**Given data**
- Opening Delimiter -
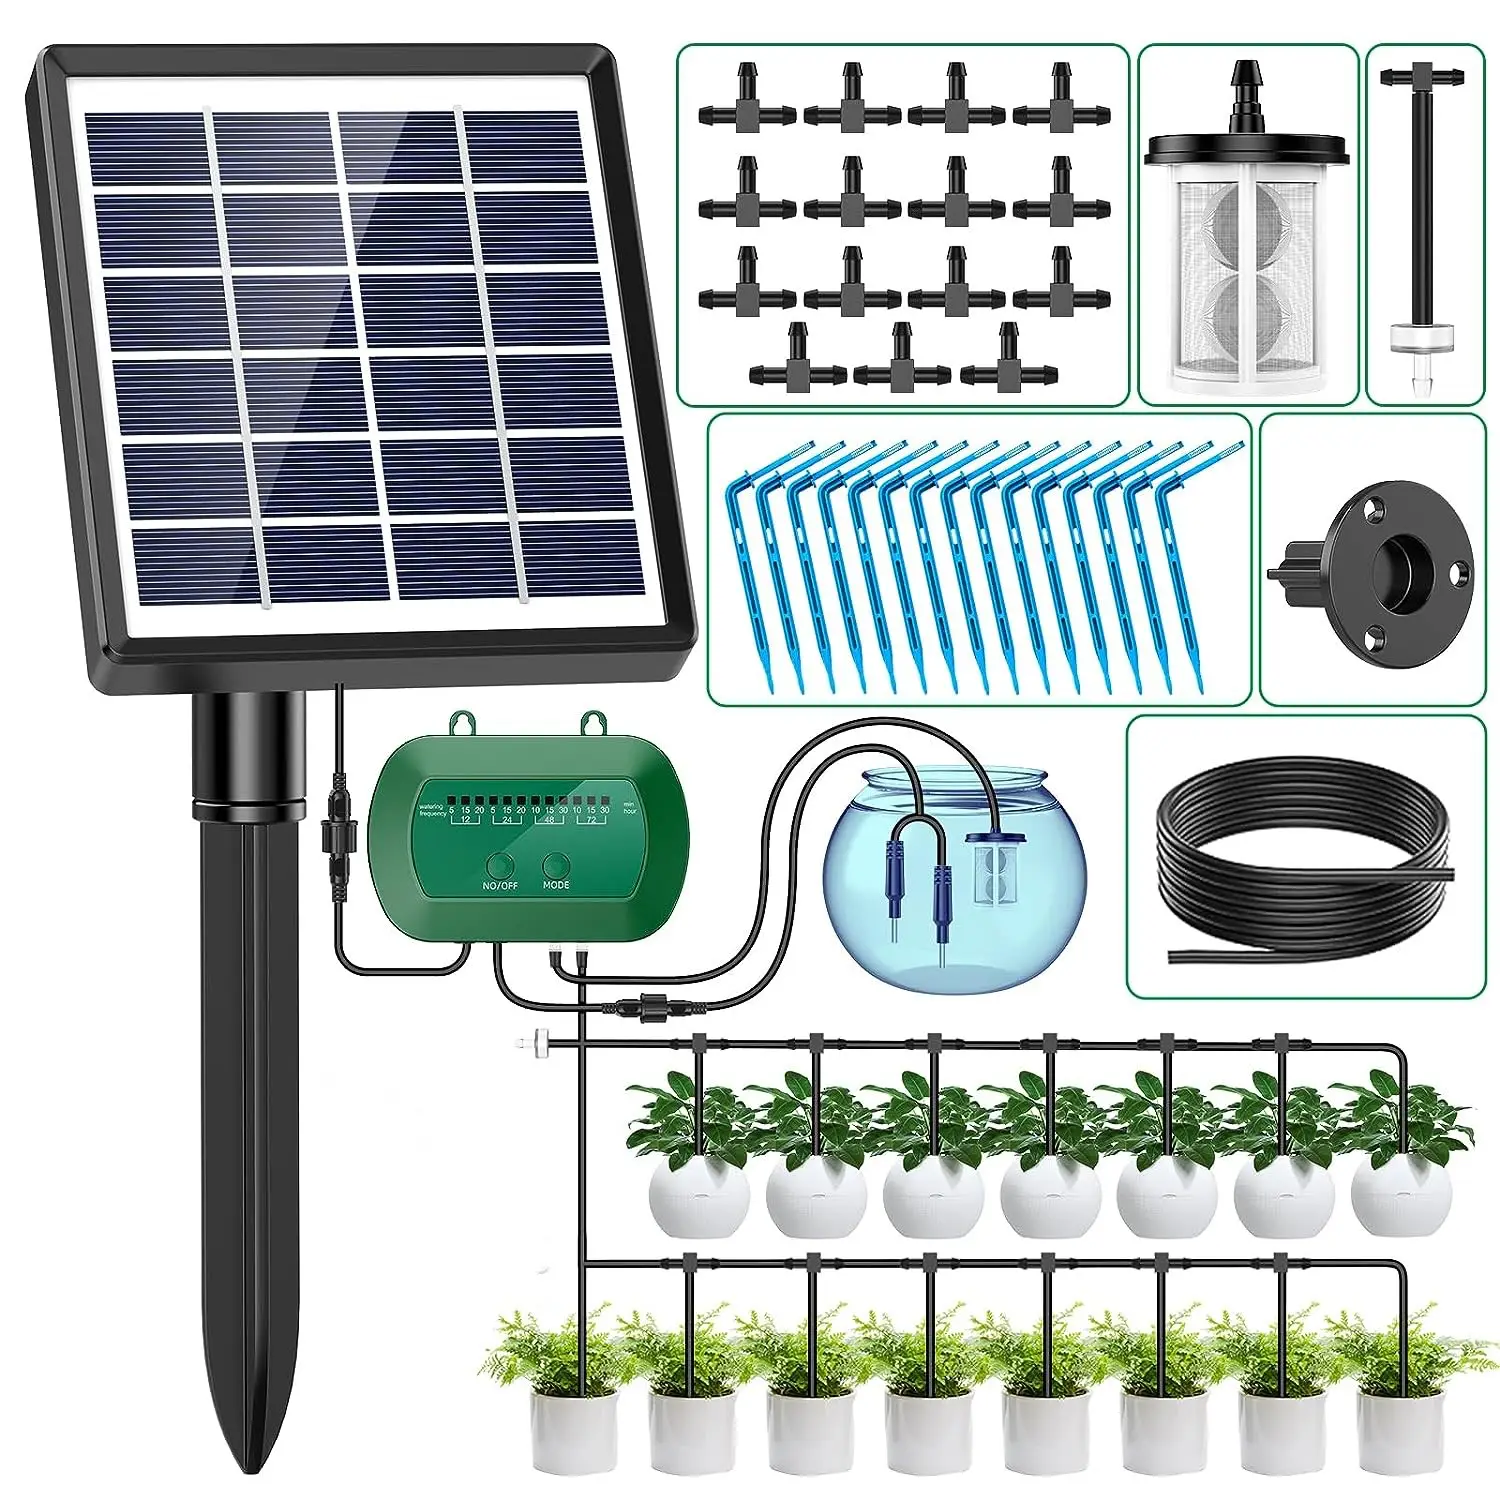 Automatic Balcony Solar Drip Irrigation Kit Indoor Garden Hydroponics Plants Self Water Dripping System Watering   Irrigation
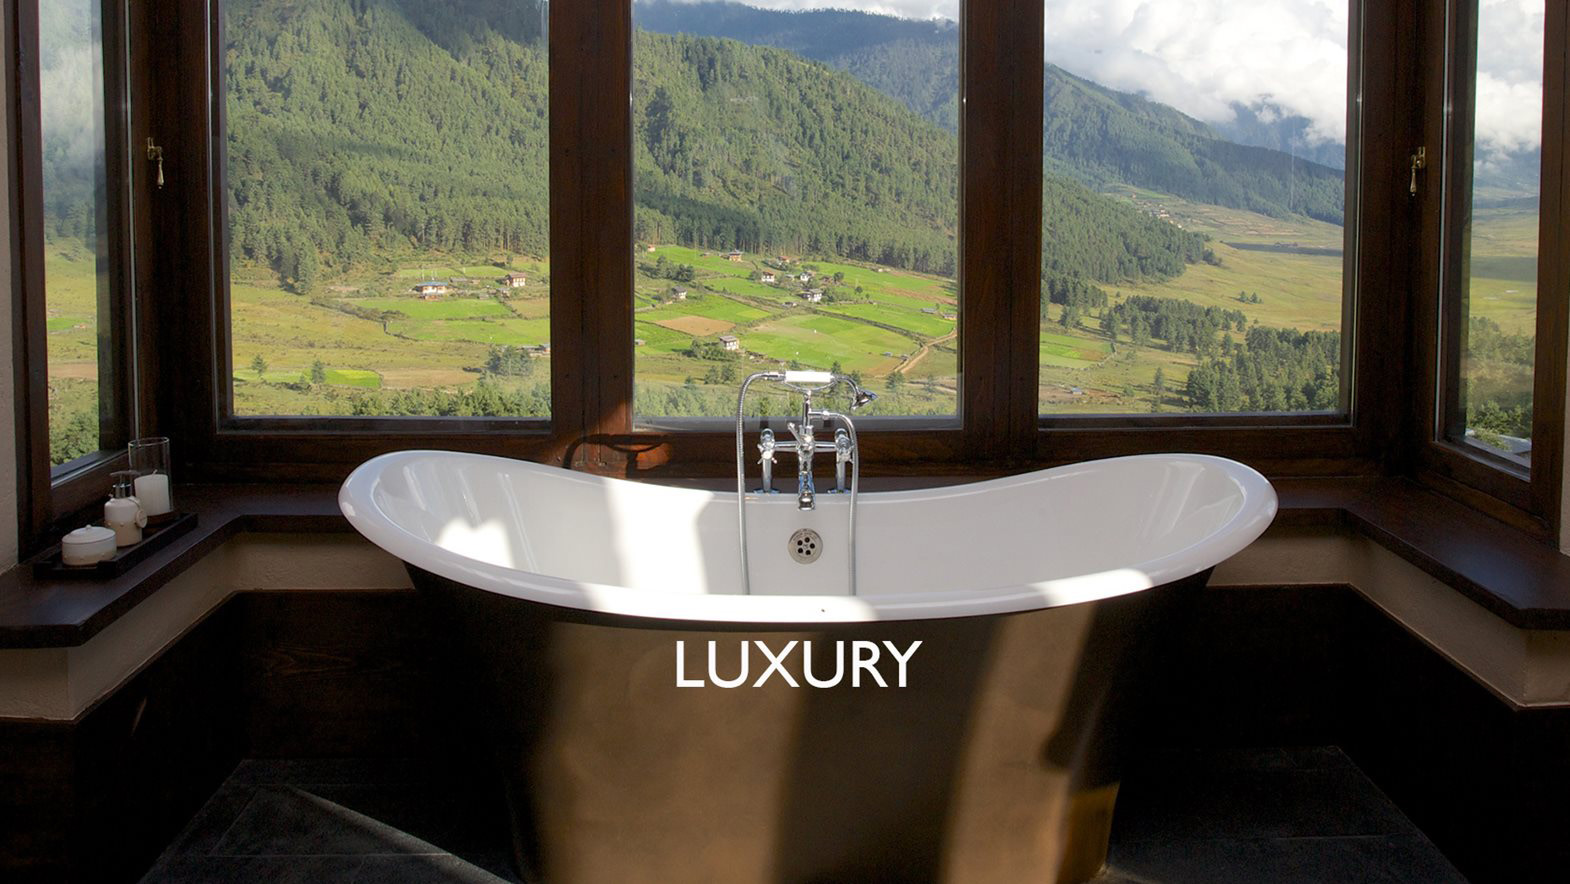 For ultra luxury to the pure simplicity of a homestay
- Closing Delimiter -
- Opening Delimiter -
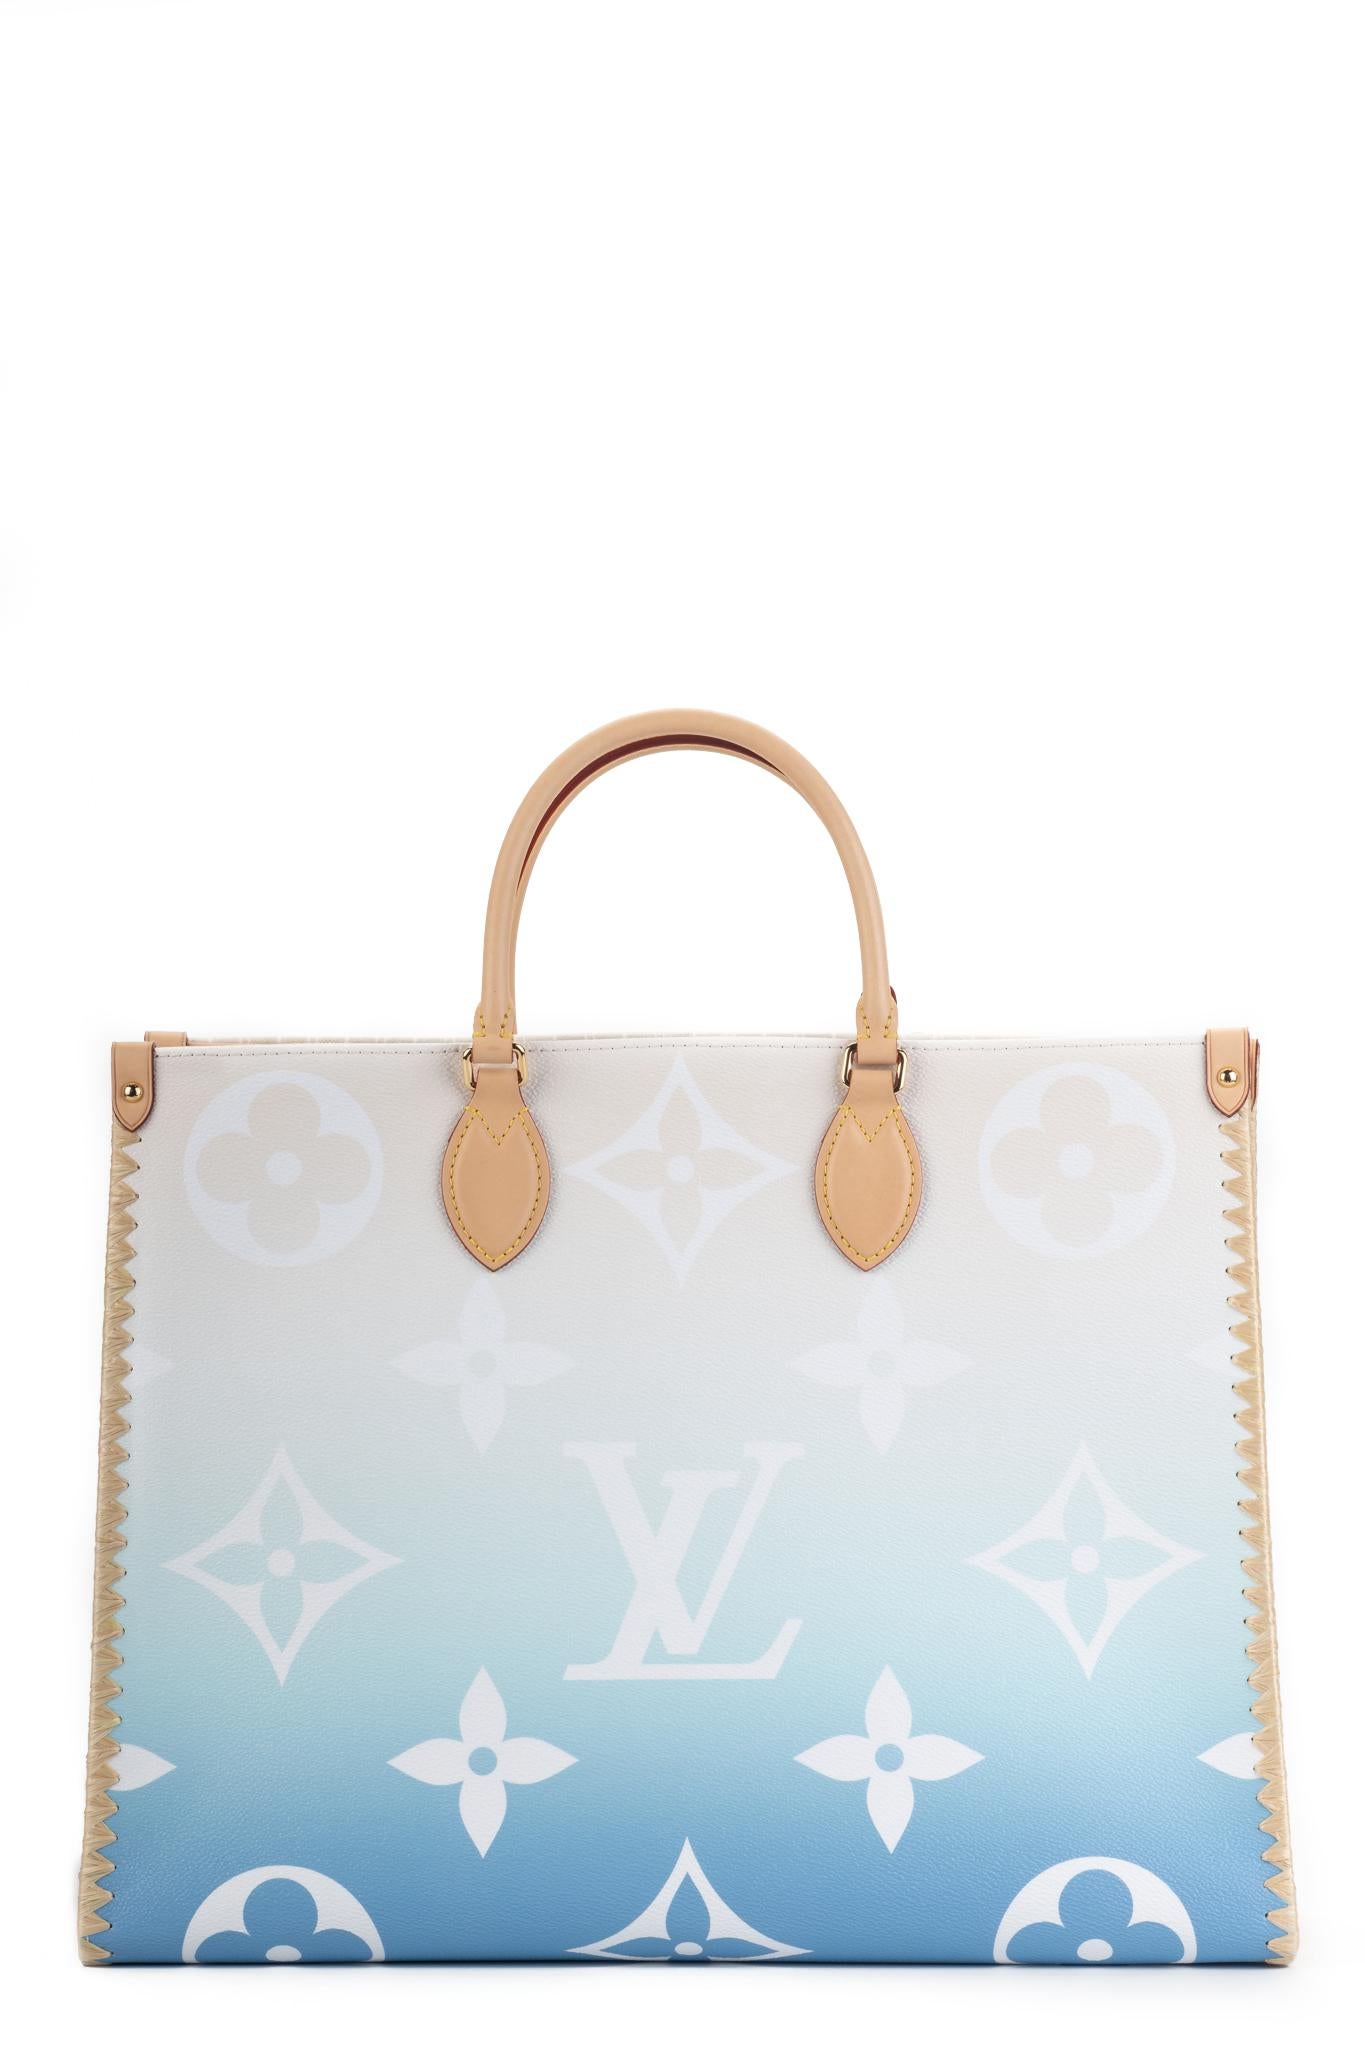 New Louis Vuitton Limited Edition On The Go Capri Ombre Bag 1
- Closing Delimiter -
- Opening Delimiter -
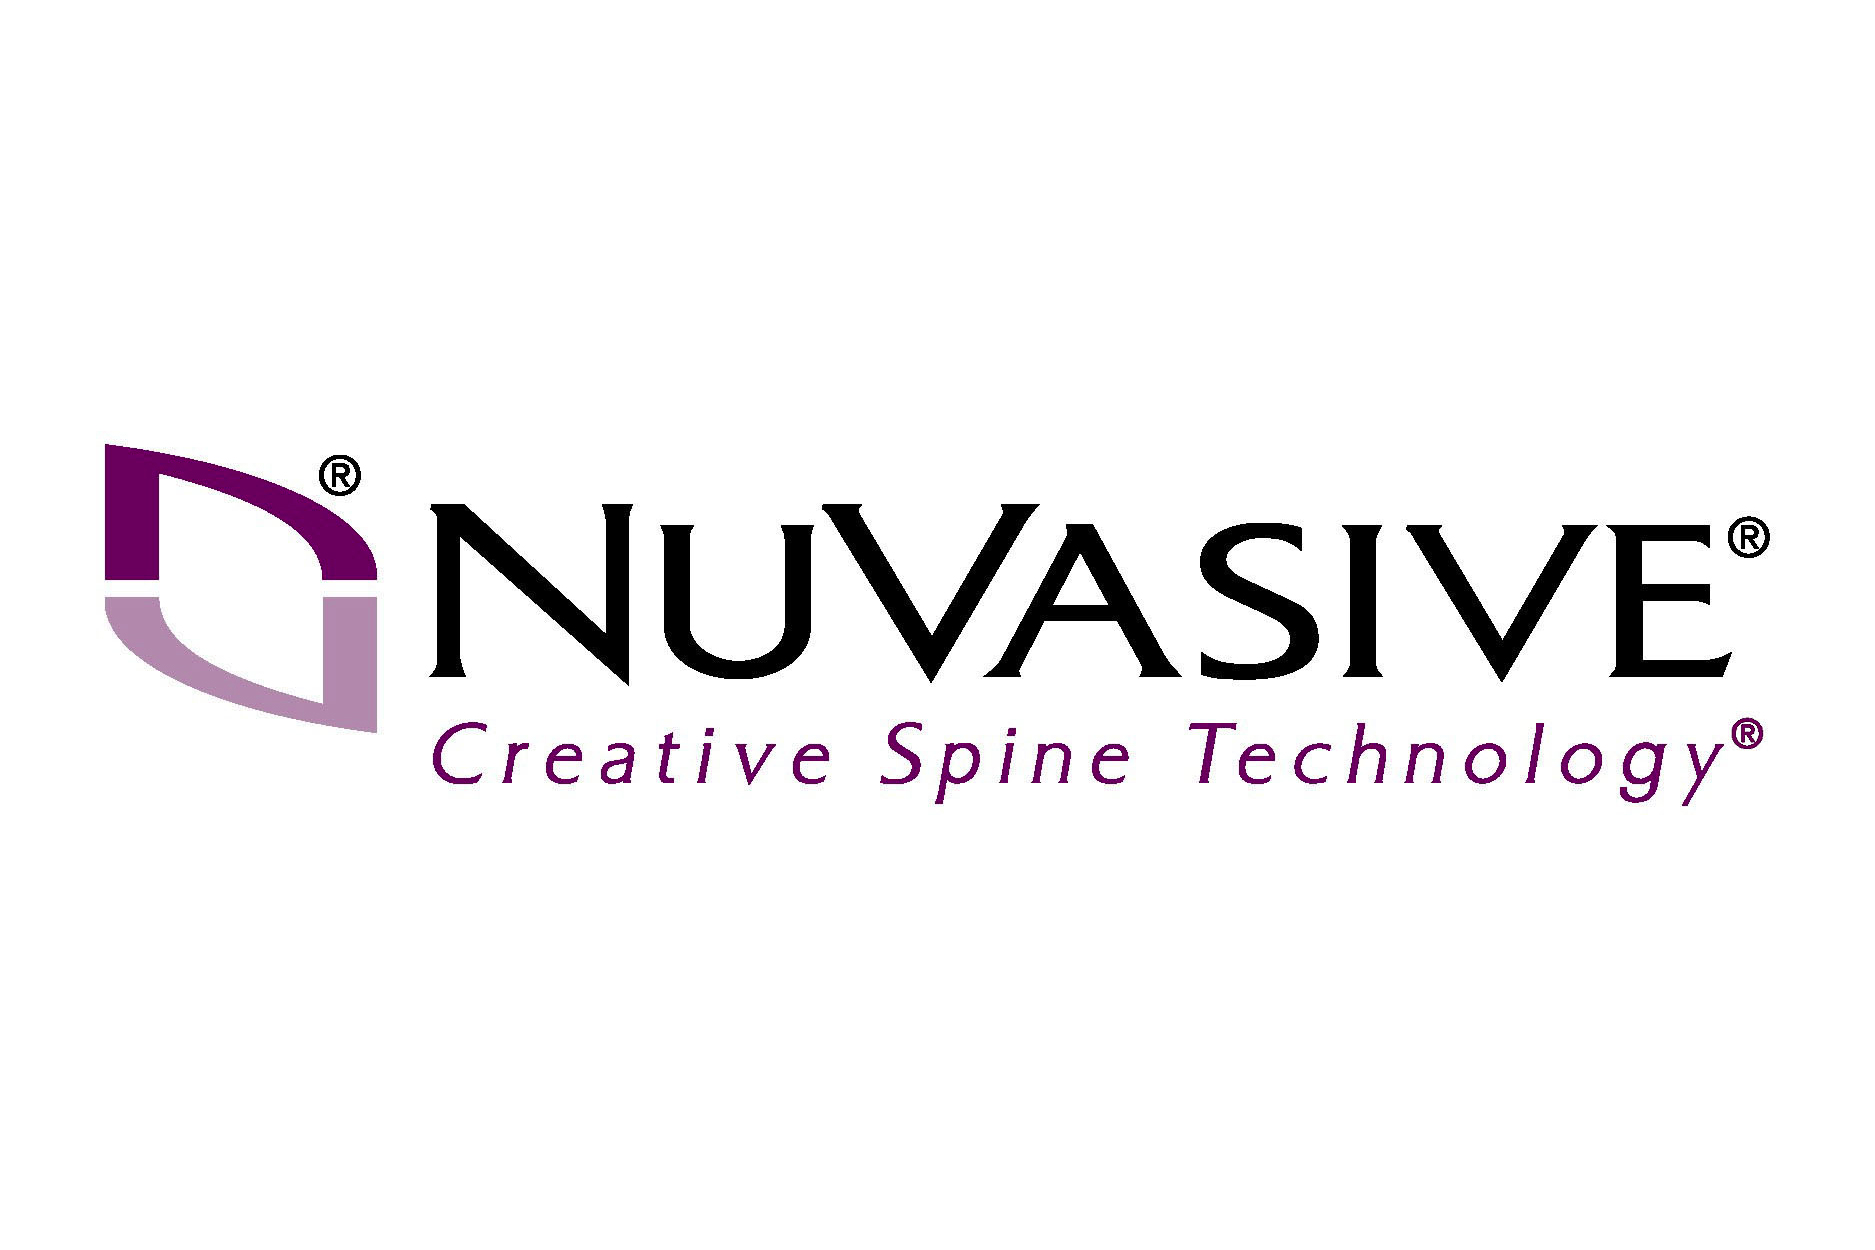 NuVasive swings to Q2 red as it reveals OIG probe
- Closing Delimiter -
**Work to be completed**
Exactly as written above, retype the lines starting at the one holding "Automatic Balcony Solar" and ending at the one holding "For ultra luxury", both included, but not the pictures.

**The answer**
 Automatic Balcony Solar Drip Irrigation Kit Indoor Garden Hydroponics Plants Self Water Dripping System Watering   Irrigation
 For ultra luxury to the pure simplicity of a homestay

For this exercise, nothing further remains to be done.